» **Task objective**
Go line by line through the data and copy those with the word "Barcelona".

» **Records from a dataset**
------------------------
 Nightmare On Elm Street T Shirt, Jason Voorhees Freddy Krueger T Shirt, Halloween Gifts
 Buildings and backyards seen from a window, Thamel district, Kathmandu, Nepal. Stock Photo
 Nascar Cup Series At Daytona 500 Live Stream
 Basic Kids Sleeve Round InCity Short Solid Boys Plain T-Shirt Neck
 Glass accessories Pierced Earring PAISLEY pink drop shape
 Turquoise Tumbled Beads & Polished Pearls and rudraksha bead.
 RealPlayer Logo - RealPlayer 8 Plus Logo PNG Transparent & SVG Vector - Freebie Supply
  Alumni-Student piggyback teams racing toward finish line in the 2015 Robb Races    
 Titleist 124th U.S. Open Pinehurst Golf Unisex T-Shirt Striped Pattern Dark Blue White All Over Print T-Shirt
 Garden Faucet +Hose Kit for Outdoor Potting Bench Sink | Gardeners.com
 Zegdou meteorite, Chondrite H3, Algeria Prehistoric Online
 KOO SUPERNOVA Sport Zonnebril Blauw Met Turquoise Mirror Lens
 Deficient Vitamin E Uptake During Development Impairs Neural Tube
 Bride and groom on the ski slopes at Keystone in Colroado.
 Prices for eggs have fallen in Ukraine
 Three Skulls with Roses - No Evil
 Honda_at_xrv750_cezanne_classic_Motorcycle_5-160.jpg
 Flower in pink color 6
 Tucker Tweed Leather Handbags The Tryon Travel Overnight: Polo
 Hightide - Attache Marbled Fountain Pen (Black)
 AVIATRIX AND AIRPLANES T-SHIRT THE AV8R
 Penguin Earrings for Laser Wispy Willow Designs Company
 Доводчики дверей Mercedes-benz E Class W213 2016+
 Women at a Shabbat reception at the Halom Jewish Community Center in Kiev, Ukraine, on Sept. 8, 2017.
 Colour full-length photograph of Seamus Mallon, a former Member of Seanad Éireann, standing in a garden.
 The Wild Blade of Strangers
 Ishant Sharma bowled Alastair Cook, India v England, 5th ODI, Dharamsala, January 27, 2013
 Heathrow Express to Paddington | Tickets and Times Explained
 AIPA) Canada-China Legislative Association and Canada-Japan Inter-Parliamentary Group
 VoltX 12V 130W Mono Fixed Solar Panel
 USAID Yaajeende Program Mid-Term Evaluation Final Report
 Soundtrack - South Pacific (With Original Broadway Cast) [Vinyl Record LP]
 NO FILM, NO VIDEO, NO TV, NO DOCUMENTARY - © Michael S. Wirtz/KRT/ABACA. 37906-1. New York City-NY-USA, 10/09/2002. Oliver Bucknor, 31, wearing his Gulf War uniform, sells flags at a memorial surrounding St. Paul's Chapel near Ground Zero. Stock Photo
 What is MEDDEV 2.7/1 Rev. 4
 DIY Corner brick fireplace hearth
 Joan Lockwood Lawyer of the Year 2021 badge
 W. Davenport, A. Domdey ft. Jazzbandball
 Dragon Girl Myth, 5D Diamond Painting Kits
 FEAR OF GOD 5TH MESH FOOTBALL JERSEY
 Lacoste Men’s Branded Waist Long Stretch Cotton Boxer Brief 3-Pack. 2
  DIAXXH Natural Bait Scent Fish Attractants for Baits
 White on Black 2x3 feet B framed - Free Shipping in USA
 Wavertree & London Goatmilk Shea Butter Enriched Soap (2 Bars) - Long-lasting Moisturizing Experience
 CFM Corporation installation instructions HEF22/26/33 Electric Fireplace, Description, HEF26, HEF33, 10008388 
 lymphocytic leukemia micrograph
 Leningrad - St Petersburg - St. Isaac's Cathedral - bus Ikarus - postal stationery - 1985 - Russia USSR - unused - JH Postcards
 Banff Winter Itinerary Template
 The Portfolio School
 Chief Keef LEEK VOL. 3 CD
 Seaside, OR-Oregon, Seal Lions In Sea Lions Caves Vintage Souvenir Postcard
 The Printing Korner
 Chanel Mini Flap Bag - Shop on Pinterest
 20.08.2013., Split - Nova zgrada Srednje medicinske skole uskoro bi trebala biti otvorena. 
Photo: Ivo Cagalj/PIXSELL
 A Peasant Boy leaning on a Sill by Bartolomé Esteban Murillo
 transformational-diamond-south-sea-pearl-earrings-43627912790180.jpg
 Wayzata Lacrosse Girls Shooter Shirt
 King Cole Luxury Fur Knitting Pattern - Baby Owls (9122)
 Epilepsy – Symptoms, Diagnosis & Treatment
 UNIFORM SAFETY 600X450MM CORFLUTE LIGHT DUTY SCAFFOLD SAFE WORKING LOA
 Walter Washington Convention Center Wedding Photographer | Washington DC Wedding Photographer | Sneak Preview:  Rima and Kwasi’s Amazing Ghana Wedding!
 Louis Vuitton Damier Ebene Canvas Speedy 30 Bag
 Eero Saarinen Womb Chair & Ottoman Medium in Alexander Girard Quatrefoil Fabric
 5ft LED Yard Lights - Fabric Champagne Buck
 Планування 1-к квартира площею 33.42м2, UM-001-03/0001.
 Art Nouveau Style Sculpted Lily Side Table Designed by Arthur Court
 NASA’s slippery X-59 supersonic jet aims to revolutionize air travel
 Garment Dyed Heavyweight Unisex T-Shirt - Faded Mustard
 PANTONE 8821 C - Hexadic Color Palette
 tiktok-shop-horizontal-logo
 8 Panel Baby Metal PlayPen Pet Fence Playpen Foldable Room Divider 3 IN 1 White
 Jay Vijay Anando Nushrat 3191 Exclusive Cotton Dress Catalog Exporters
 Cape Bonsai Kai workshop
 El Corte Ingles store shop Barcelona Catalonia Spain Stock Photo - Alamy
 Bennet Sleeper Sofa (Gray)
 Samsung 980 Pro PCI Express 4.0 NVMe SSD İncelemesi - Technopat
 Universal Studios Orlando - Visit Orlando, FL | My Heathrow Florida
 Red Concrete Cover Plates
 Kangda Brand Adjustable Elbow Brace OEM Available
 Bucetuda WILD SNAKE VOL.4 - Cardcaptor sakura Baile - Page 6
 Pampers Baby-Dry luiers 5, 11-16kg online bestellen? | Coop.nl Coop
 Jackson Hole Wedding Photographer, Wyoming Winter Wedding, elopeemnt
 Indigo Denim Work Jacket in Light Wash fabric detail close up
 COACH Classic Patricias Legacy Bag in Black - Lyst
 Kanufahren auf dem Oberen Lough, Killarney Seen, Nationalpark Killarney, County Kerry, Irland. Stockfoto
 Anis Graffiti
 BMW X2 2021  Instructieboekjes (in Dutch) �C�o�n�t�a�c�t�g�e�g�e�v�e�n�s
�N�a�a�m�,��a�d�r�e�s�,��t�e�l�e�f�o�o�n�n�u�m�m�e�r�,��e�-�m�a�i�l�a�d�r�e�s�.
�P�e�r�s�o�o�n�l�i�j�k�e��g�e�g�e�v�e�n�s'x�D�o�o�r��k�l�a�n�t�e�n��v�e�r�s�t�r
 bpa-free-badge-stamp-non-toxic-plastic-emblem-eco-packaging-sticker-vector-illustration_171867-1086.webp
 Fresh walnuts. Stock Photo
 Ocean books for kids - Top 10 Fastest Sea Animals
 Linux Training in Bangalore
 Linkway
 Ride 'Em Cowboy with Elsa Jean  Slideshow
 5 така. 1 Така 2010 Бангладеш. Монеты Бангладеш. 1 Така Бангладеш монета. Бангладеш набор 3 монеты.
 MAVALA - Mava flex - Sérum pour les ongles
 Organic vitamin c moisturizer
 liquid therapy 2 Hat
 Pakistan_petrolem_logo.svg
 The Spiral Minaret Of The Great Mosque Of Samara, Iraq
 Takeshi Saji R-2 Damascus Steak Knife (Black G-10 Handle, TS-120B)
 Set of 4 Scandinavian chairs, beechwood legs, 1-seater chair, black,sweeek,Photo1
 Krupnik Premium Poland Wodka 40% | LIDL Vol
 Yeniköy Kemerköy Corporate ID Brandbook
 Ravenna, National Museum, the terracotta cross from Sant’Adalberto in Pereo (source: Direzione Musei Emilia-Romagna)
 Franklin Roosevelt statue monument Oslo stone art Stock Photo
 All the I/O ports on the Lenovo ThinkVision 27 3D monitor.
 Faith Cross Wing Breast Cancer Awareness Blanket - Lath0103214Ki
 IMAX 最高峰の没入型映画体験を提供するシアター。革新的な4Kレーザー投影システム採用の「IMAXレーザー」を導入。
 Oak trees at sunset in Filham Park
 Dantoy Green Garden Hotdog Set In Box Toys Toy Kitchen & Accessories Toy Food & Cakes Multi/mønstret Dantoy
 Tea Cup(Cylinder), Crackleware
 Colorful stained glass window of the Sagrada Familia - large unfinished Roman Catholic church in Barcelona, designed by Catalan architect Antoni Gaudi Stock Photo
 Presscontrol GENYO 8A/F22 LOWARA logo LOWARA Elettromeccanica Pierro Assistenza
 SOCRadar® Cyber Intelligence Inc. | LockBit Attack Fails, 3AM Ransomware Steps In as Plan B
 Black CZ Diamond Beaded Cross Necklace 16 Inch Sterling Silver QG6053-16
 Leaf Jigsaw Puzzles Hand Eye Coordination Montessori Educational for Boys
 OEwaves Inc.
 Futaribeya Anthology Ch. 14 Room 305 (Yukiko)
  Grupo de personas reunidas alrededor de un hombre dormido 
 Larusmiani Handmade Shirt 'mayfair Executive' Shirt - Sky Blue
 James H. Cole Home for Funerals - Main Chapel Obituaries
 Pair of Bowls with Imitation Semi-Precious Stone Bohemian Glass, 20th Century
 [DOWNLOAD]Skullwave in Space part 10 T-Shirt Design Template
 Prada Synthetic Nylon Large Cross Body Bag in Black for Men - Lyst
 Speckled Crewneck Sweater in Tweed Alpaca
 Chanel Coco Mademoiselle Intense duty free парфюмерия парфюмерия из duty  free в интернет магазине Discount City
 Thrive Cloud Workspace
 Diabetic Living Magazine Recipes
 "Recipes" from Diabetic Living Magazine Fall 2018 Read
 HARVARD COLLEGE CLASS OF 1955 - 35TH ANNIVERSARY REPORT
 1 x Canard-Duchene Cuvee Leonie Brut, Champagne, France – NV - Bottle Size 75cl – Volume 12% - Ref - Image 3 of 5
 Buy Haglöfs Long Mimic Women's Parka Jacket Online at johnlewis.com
------------------------
» **Output below**
 El Corte Ingles store shop Barcelona Catalonia Spain Stock Photo - Alamy
 Colorful stained glass window of the Sagrada Familia - large unfinished Roman Catholic church in Barcelona, designed by Catalan architect Antoni Gaudi Stock Photo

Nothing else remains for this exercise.